The Four Pillars of a Digital Ecosystem for R&D

John Conway

As scientific R&D organizations continue to invest in digital tools, why have so few been able to create a digital ecosystem of interoperable software, data and analytics? The answer to this lies in the complexity of the challenge and the historical inability of software tools to support it. We’re changing that. We’re helping leading organizations build a digital ecosystem through our cloud-based process data system and our scientific services team. The results are transformative. Through experience we’ve identified four essential pillars of a successful digital ecosystem: data, technology, process, and people.

Data. Contextualized and FAIR (Findable, Accessible, Interoperable, Reusable)

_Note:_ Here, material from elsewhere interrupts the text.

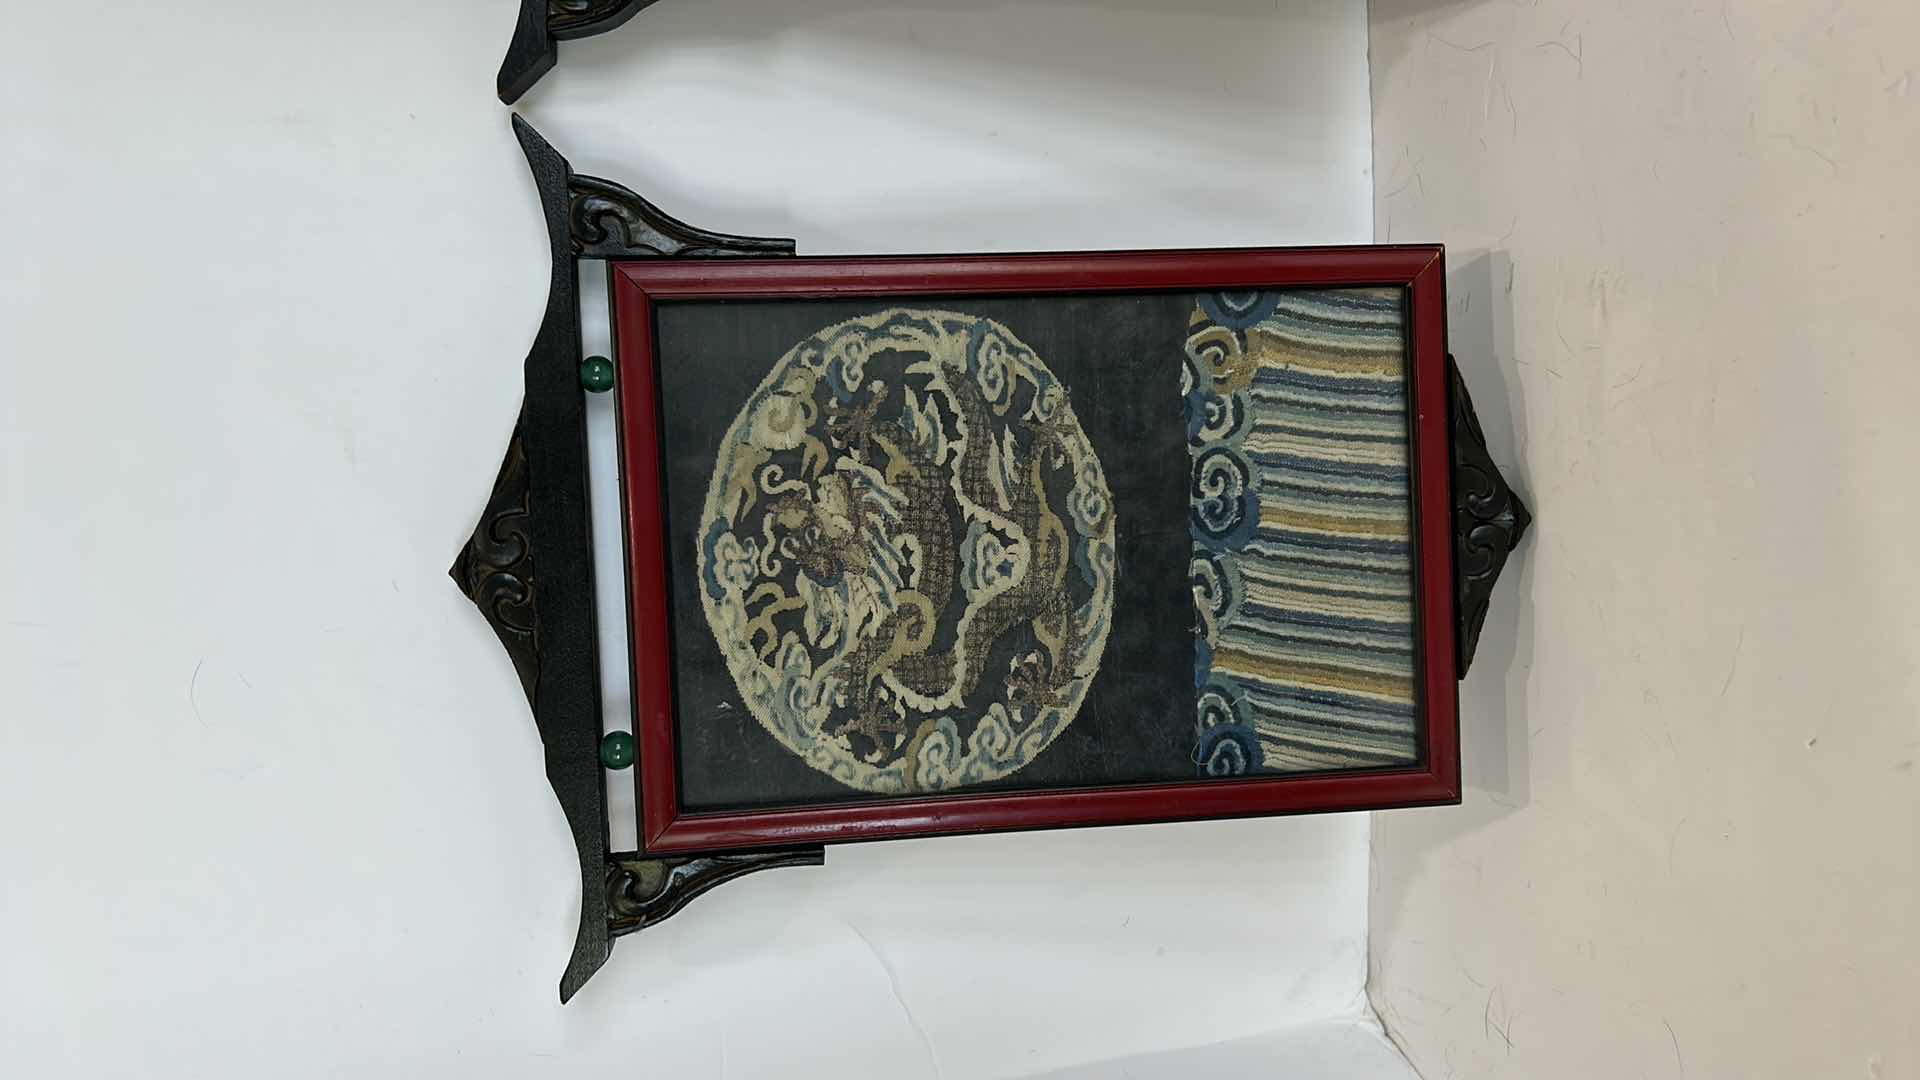 Photo 2 of 2 - ANTIQUE CHINESE TEXTILE FABRIC, SILK WITH SILK THREAD HAND EMBROIDERY ARTWORK FRAMED  9 1/2 x 12 1/4”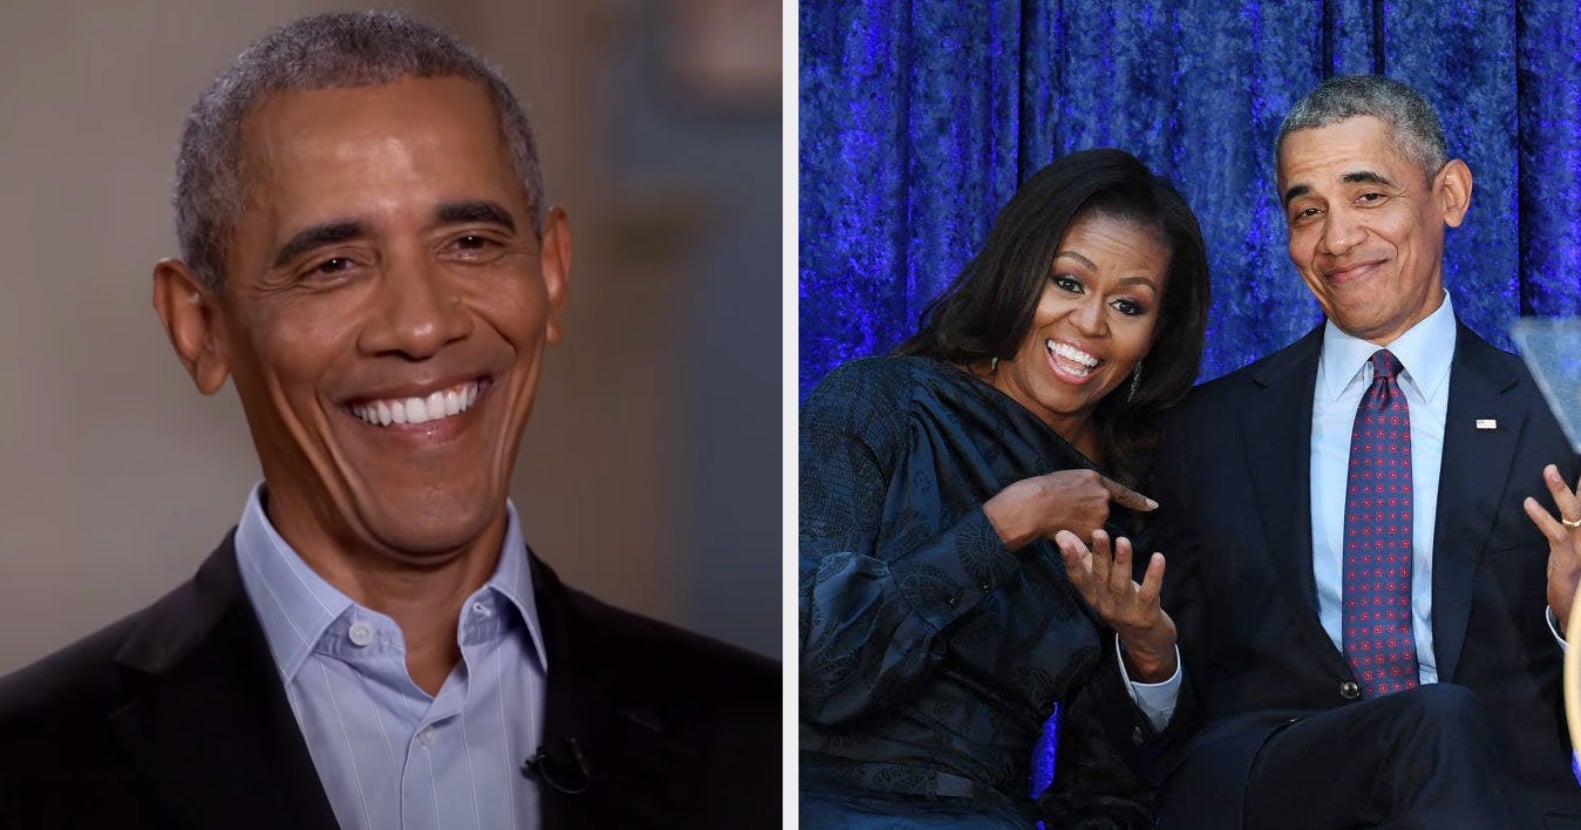 Former President Obama Joked About What Michelle Would Do If He Joined Joe Biden's Cabinet, And I'm Chuckling

Technology. Extensible and interoperable

People. Embracing of change, incentivized and supported, view data as an asset.

Process. Defined, transparent, continuously improving

Some Communications History First

In earlier days human communication was simple and localized. A gradual evolution took place from rock scratches and cave paintings to ingenious long-range smoke signaling. Of course, this evolved to papyrus scrolls, the printing press, telegraph, telephones, multimedia, and now today's instantaneous real-time communication through smartphones, laptops, tablets, and computers. It only took ~30,000 years.

But communication in the scientific laboratory has not benefited from these advances as much as other fields. The scientific lab is more complex and detail oriented than typical work environments. Before the advent of the electronic laboratory environment, which really didn’t come into full adoption mode until the 2000s, the complexity of scientific communication was done face to face, on the phone, or through writing. The focus was always on the scientific experiment — the heart of the laboratory!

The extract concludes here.